The wiring has a few challenges that I didn't expect from early research but no dealbreakers. Im using the PCS 2650 standalone and in the process of planning my wiring harness rework. The first major item is that the shift linkage on the 6 cannot mount the shift position indicator switches that the H3 uses. The indicator basically has 3 major circuits 1) a park/neutral switch for safe starting of the vehicle, 2) a reverse contact to power backup lights, and 3) a set of 4 switches used to encode the shifter position which is then communicated to the instrument panel.

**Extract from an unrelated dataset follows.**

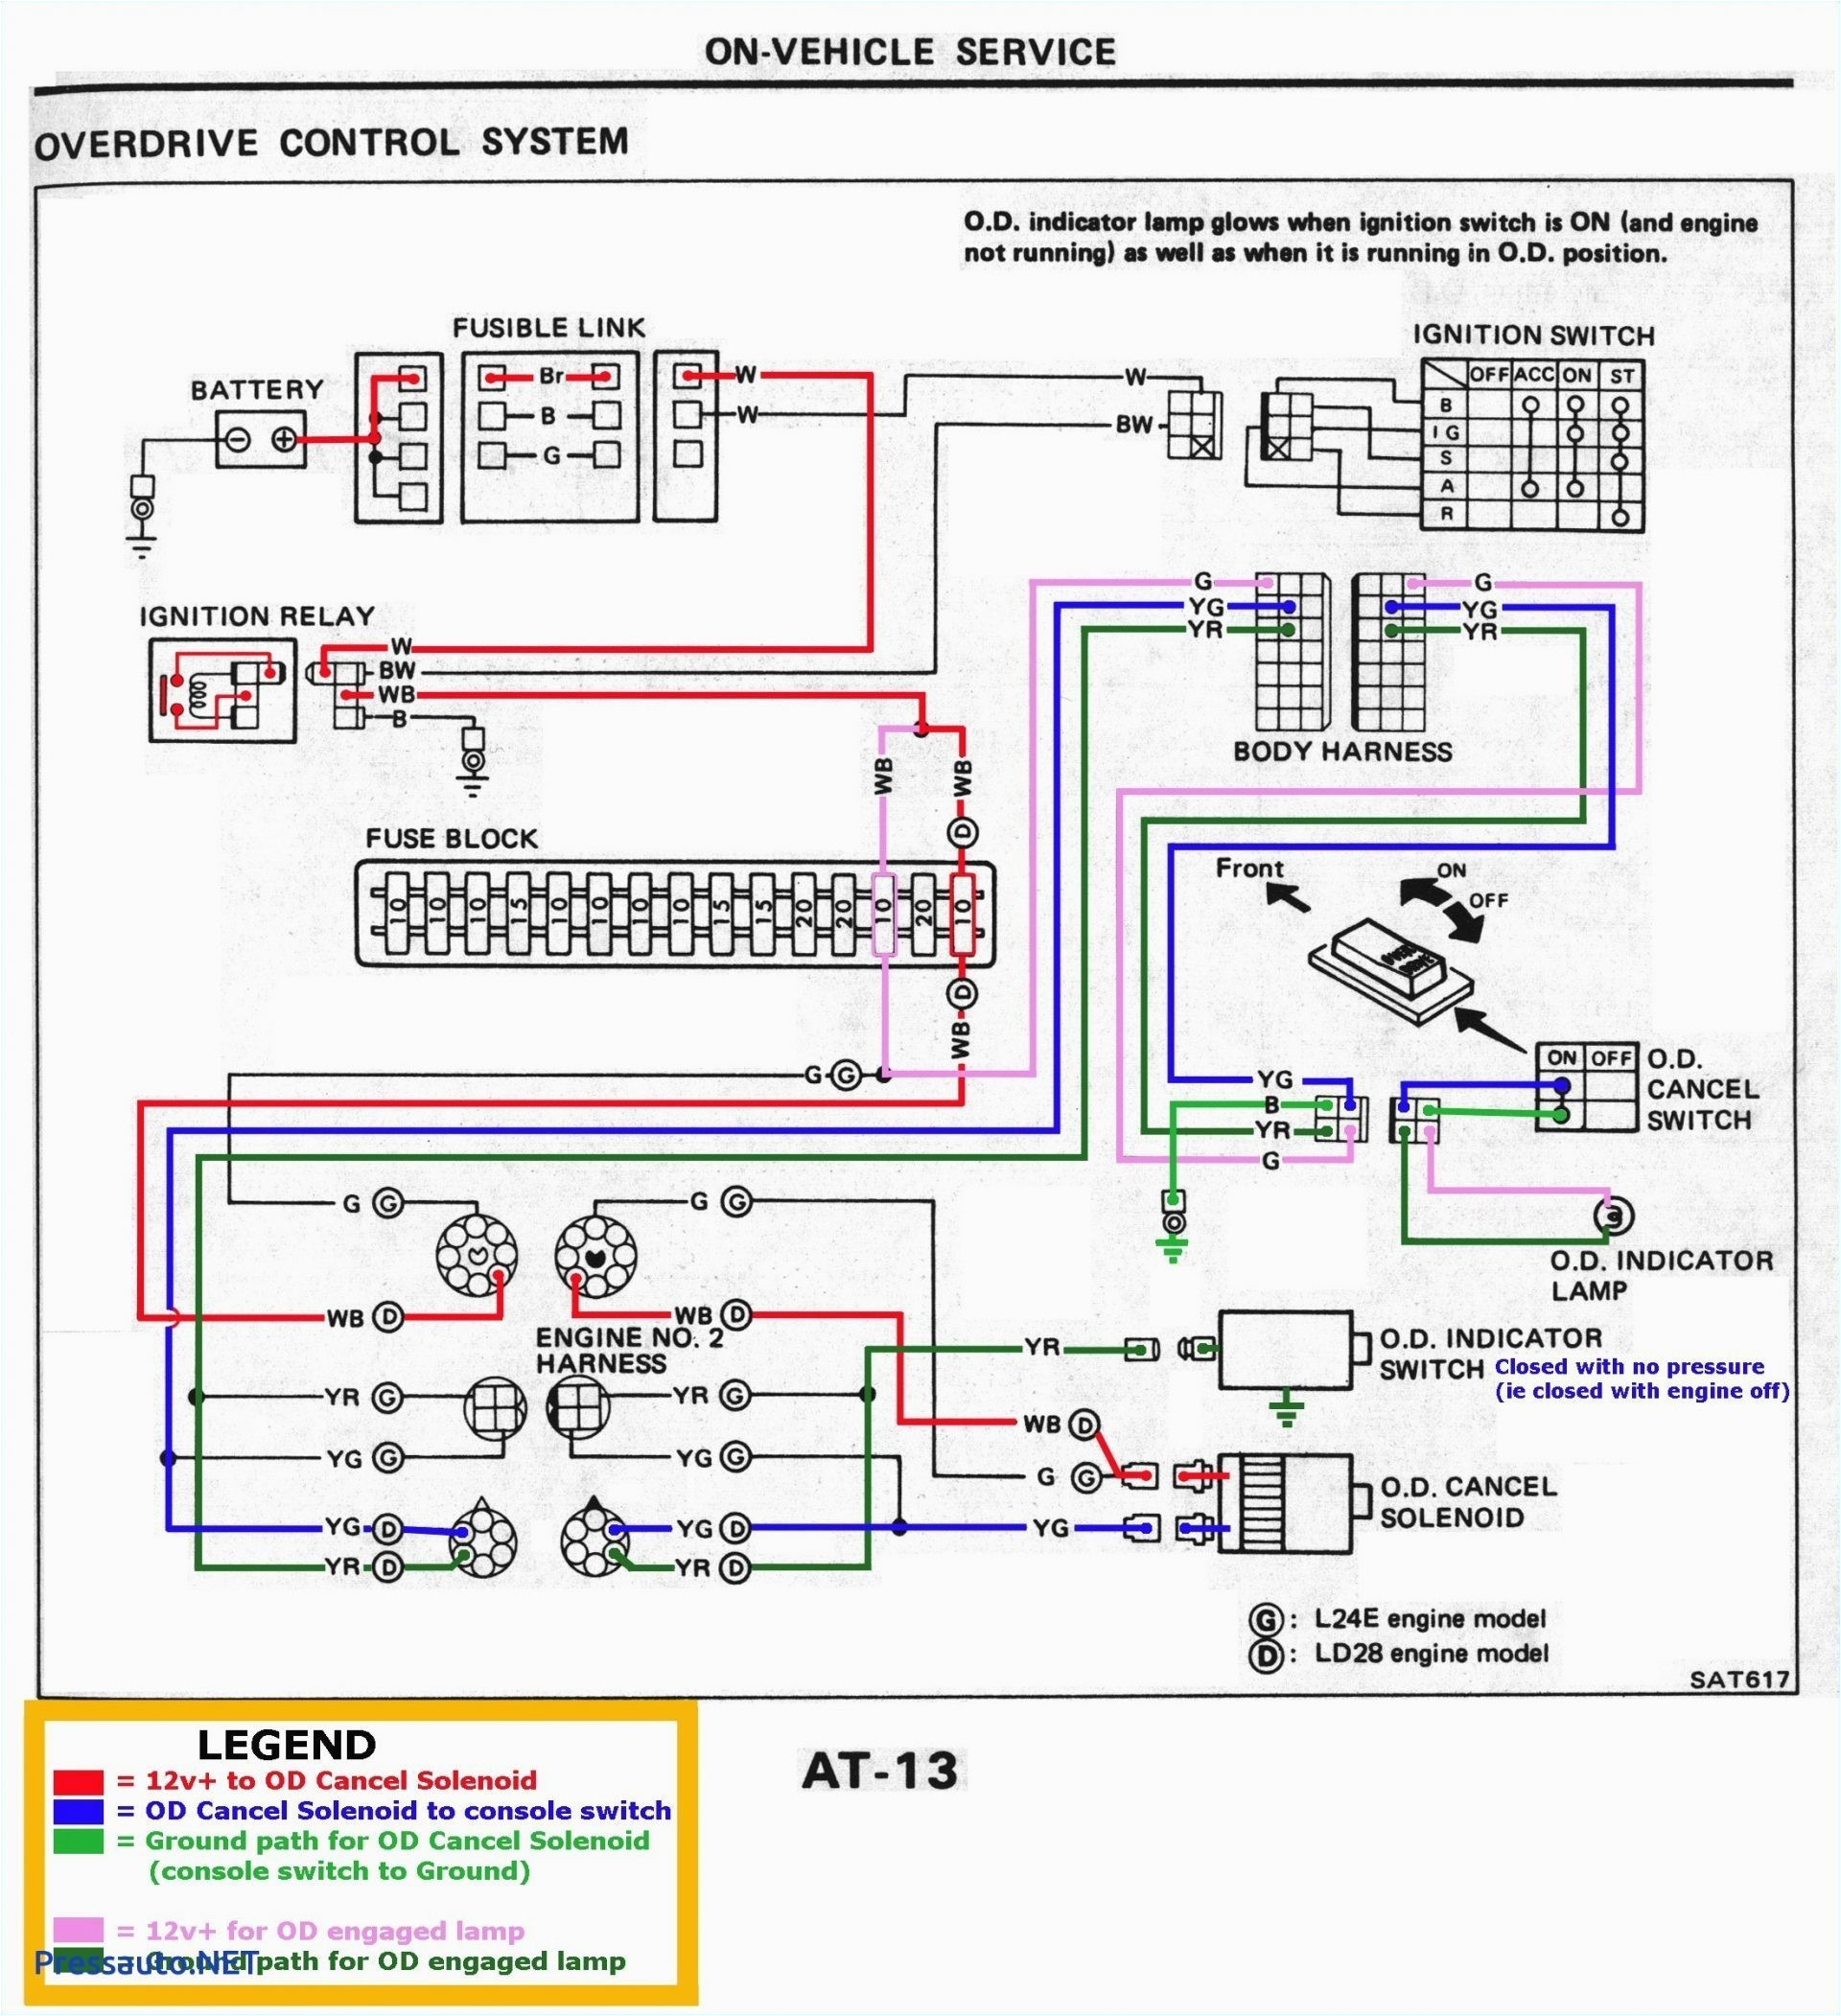 2001 tracker boat wiring diagram home wiring diagram 165 tracker boat wiring diagram
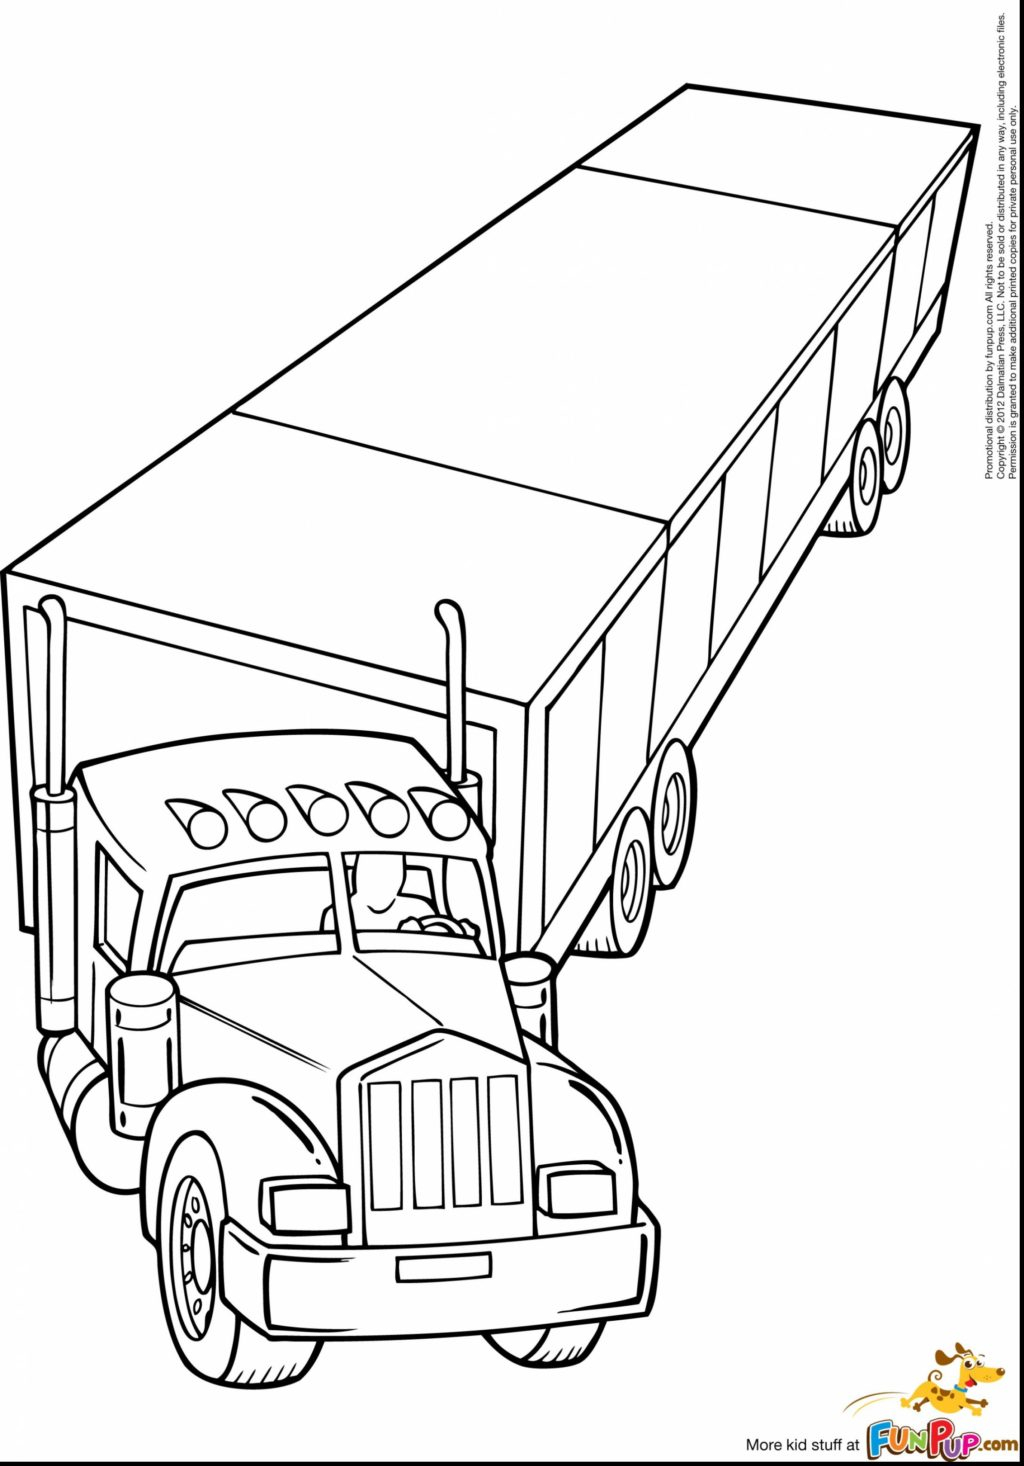 Big Truck Coloring Pages Coloring Book World Semi Truck Coloring Pages To Print Pictures

The 6 has an internal park neutral switch but its not an isolated contact. This will require a relay to isolate the signal. The 2650 has a reverse output which again is not isolated so a second relay will be required for reverse. The 4 encoded switches I'm afraid I will not be able to replicate. This means I will lose My PRNDL321 indication on the console. There are aftermarket gear indicators that plug right into the 2650 harness so if I want I will be able to display what I need, albiet not in an OEM fashion like I would prefer.
 

·
Registered
Joined
·
536 Posts
Discussion Starter · #380 ·
From the earlier posts, I got a friend to 3d print me a prototype adapter flange. His printer platen wasn't big enough to do in one piece so you can see its split in two halves. This is it bolted to the transfer case.

Name:  gAhw2tX.jpg Views: 108 Size:  1.51 MB


I ended up finding an orientation to get six studs in instead of the five. This adapter bolts to the transfer case with M10x25 socket head screws and you just move the transfer case studs to the flange. I kept enough material on the flange where they are counter sunk so you have to shave the bolts head by 1mm to clear flush. Here is the finished flange. I had the same friend make me a solid model file and I sent it of to Xometry. Cost was less that $250 for the flange and a centering ring

Name:  lkzJnmx.jpg Views: 107 Size:  1.81 MB


And bolted up with one of the studs installed. Note the second piece to this is a centering ring. This will keep everything centered when bolted up. It was much simpler to machine these to parts separate than to try and make a complex assembly as one piece.

Name:  Lnq9RwG.jpg Views: 107 Size:  1.25 MB


The "foot" for the mount is fabricated from a simple piece of 2"x3"x1/4" steel angle and is clamped in with the lower two studs on the flange. I do not have a good isolated shot of the foot.